> Dataset excerpts
═══

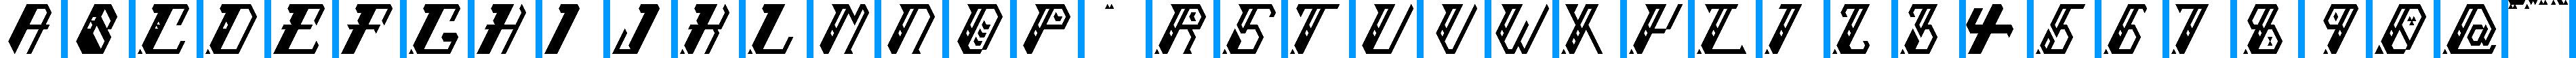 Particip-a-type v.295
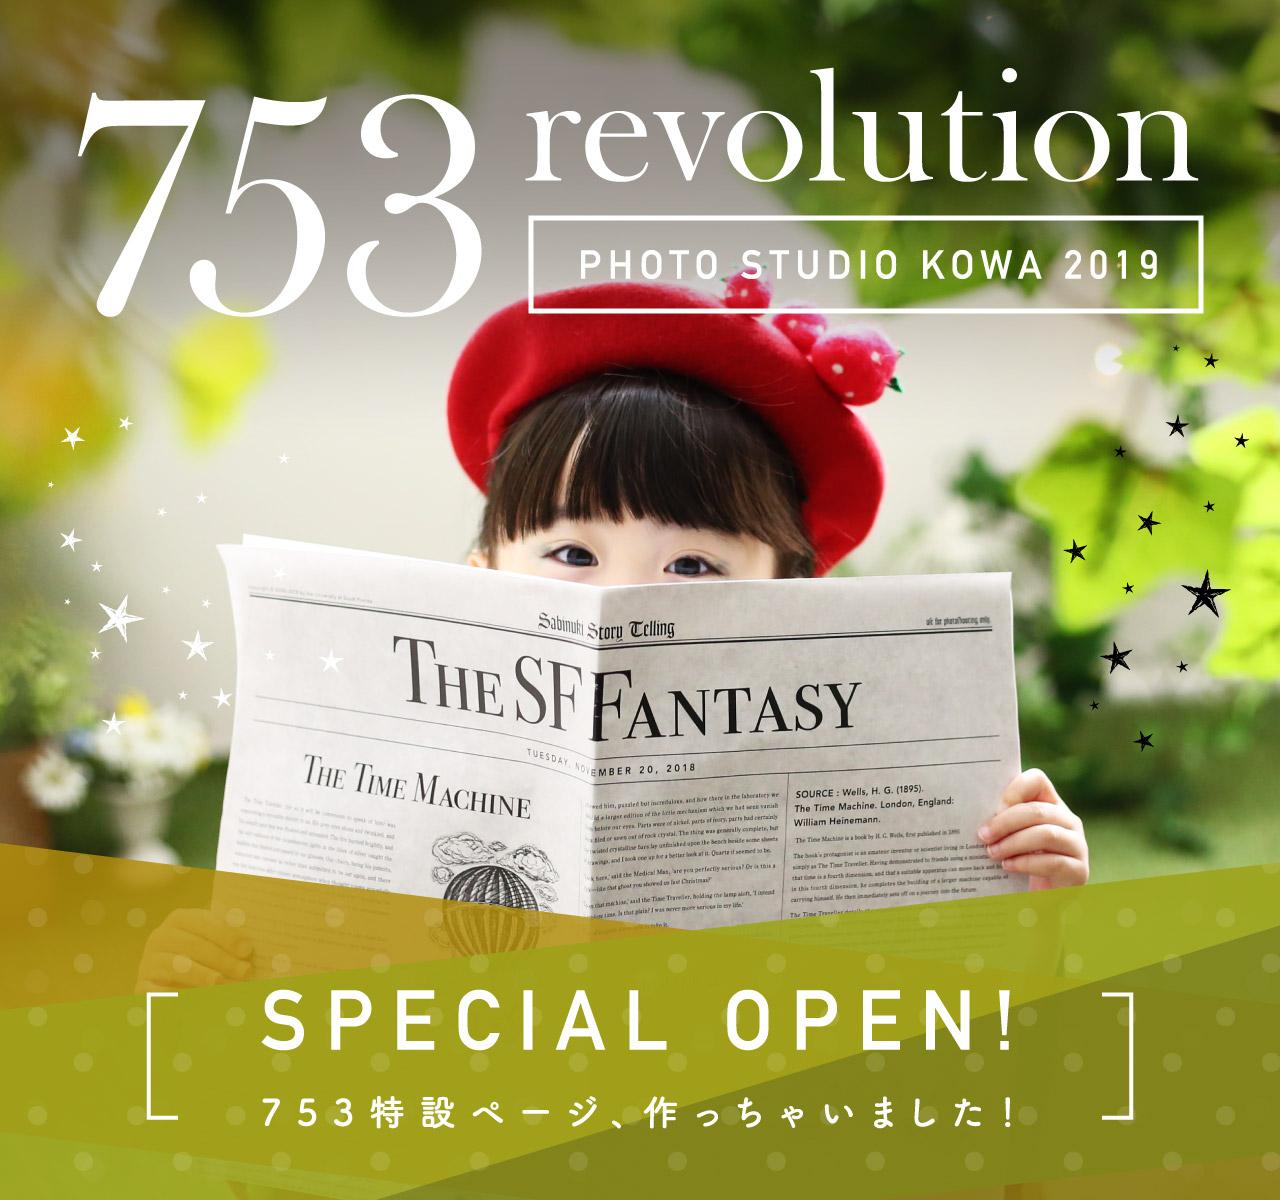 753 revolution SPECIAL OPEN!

═══

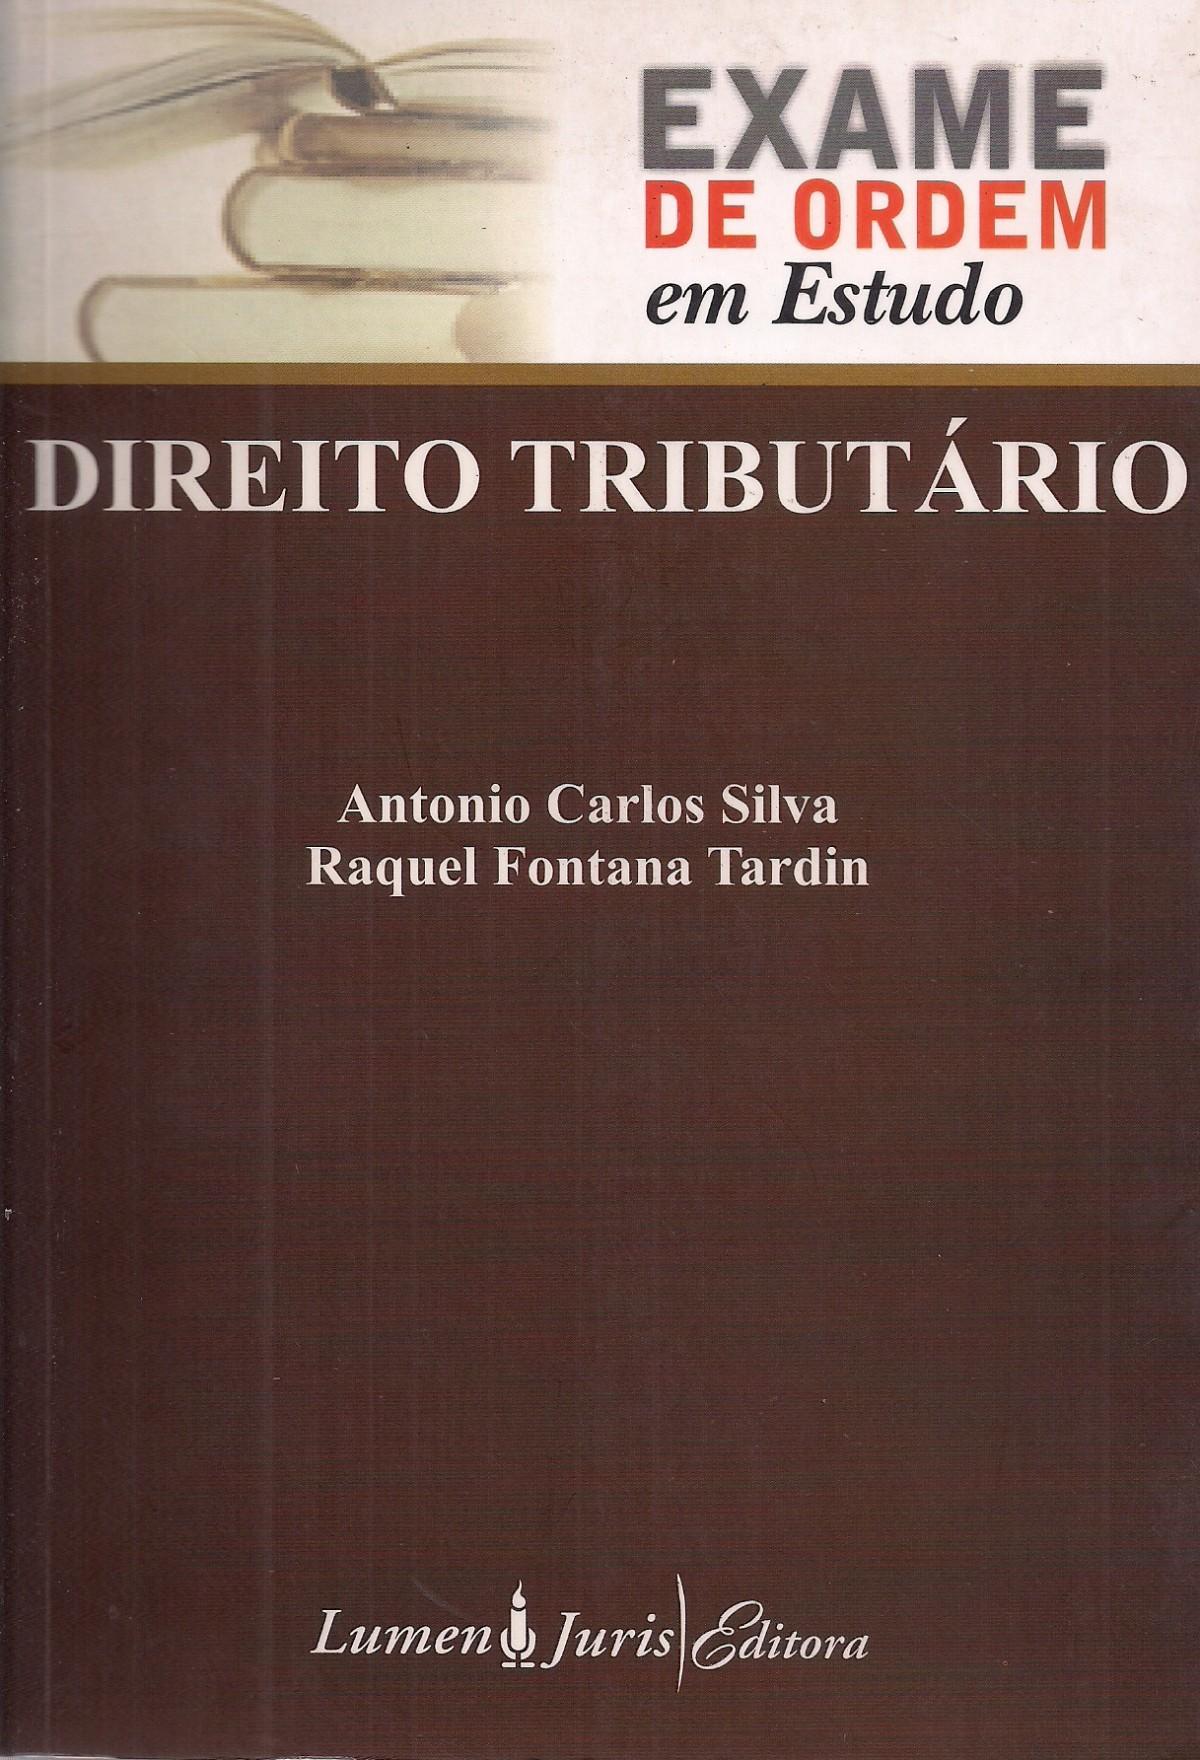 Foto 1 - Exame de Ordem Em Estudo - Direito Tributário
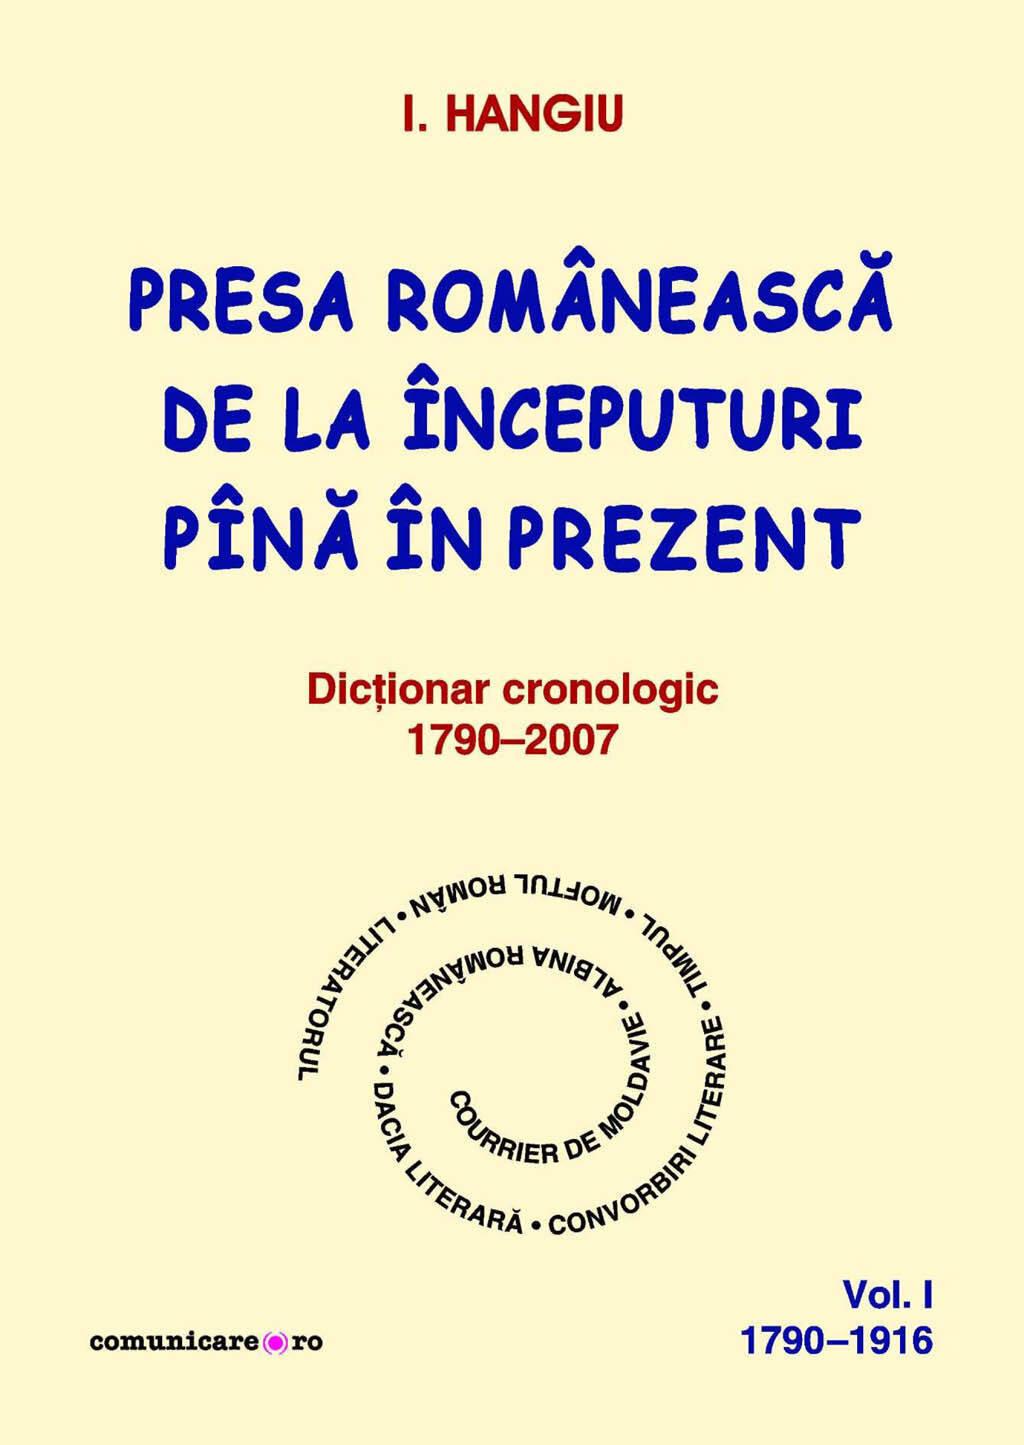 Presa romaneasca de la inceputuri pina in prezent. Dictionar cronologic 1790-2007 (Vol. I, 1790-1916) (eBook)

═══

> What this task involves
Only the lines of the listing above from the one with "Particip-a-type v.295" through the one with "753 revolution SPECIAL OPEN!" should be output, exactly, with both ends kept and pictures left out.

> Exercise answer
 Particip-a-type v.295
 753 revolution SPECIAL OPEN!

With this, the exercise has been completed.